With Silicon Valley starting to come back from the Great Recession, we sent Marketplace's Steve Henn to find out how good the Karma really is.
Sound of Steve Henn climbing stairs
Steve Henn: This little building was the birthplace of entire industries. The first portable computers were invented here, some of the first smart phones were designed here, and upstairs, a couple of the biggest tech success stories in histories got their start.
Jack Abraham: There are a long list of companies that used to be here -- everyone from Google, this was Google's first office, to PayPal.
That's Jack Abraham, cramped into his little office with six programmers and his dog -
Woman: Milo stay here. Milo...
Abraham runs a tech start-up named Milo. It lets you search local stores to find out what's in stock right now. For Abraham and other techies, this little office is kinda like sacred ground.
Abraham: We have a pirate flag hanging over the main war column, is what we call it. My desk is where Sergey Brin once sat, who is the co-founder of Google.
To get his office Abraham had to launch a charm offensive. The owners are an Iranian family, and they own Medallion Carpet just down the street.
Abraham: So I had to go down there, and I brought in some baklava, because it was the Persian New Year, they are Persian. And they seemed to really like that, and they loved the business that Milo.com was in.
Abraham got his lease.
Saeed Amidi: But in return, we have an option to invest in them.
Saeed Amidi is one of the owners of the Karma building. Years ago, his family started accepting equity from promising start-ups in exchange for a discounts on rent. The family invested on the ground floor of PayPal, and Google and a couple others. They went from owning this little rug shop to becoming almost accidental venture capitalists.
In fact, Facebook wanted a five-year lease in the Karma building, and the family said no. That mistake cost them a fortune. But still the Amidis are now worth millions -- all because they were in the right place at the right time.

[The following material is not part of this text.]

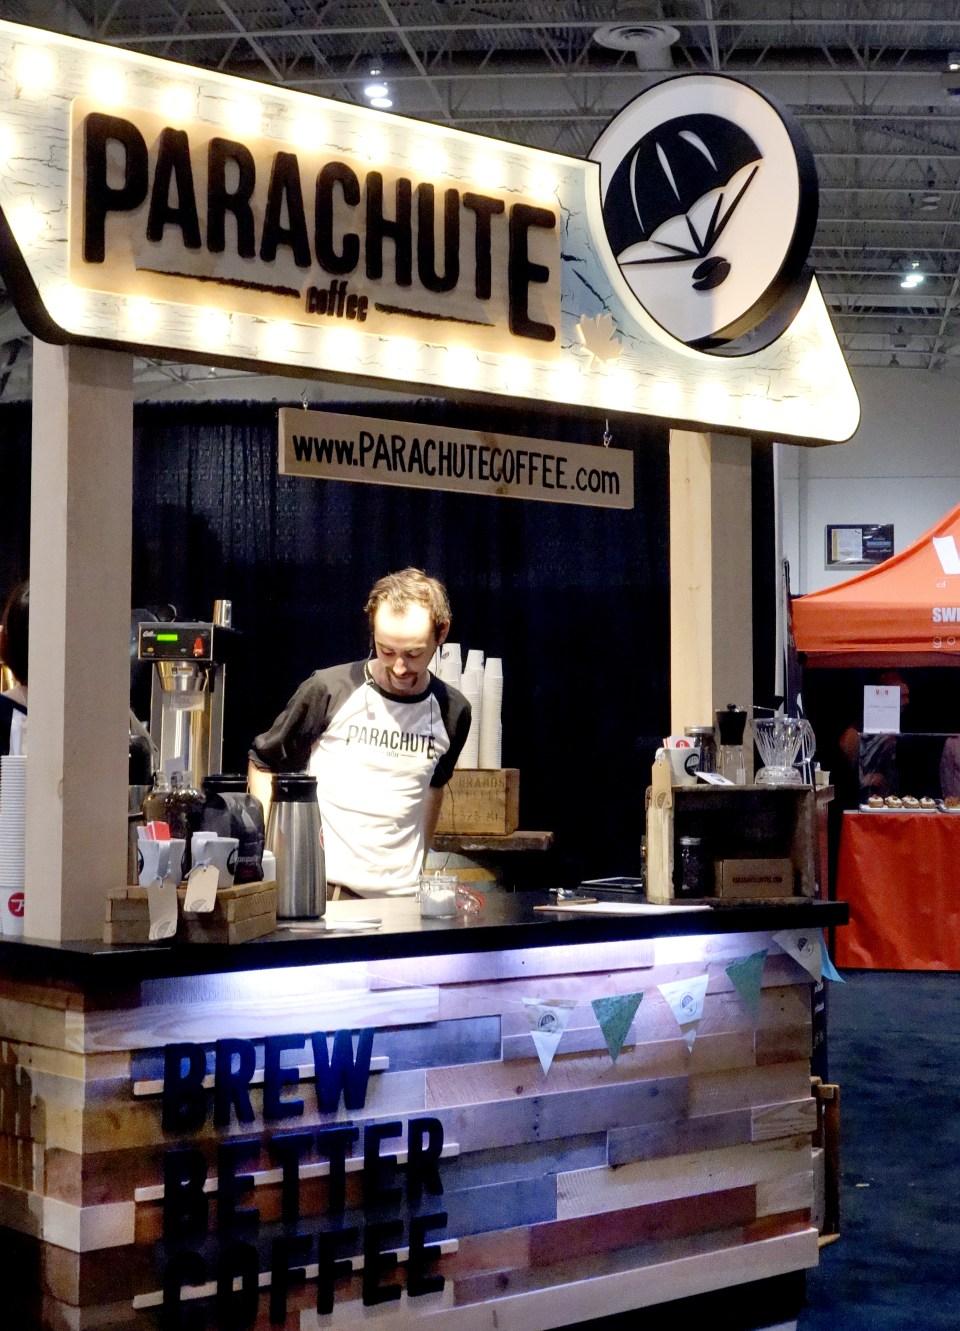 Parachute_Coffee_Toronto2

Amidi: Why, they say in real estate "location, location, location" is because of the people who pass by there every day. The people who make the location special.
Now Saeed Amidi's trying to bottle University Avenue's magic and transport it to a 175,000-square-foot building two towns over.
...Here in Sunnyvale. This huge space is called Plug & Play, and it comes loaded. It offers high-speed data connections. Lawyers and bankers are right here in the building. It has auditoriums, a cafeteria and outdoor balconies. Music pumps through the lobby and venture capitalists roam the halls.
Saeed Amidi says he gets such a rush from this place, he stopped going to his old office.
Amidi: You have incredible number of smart, innovative people. They are all building their dreams. Their energy is transferred to me.
That energy is a powerful draw in a recession. Sunnyvale has lots of empty offices. But more than 200 start-ups have leased room at Plug & Play. And Saeed Amidi's invested in many of them. He's hoping for another Google, maybe two.
But Judy Estrin, author of "Closing the Innovation Gap," says recreating University Avenue's magic might not be so simple. She says the whole culture of Silicon Valley has changed.
Judy Estrin: The entrepreneurs tend to be more focused on how much money they can make out of a start-up, as opposed to being captured by the passion of a problem they want to solve.
Estrin's says often in the "new" Silicon Valley the start-ups themselves are the products. And selling these companies is the payoff.
Estrin: There is more of a focus on, what I call, "trading and flipping" than "building and creating."
What's missing, she says, are long-term bets on big new ideas or technologies that could change the way we live.
In Silicon Valley, I'm Steve Henn for Marketplace.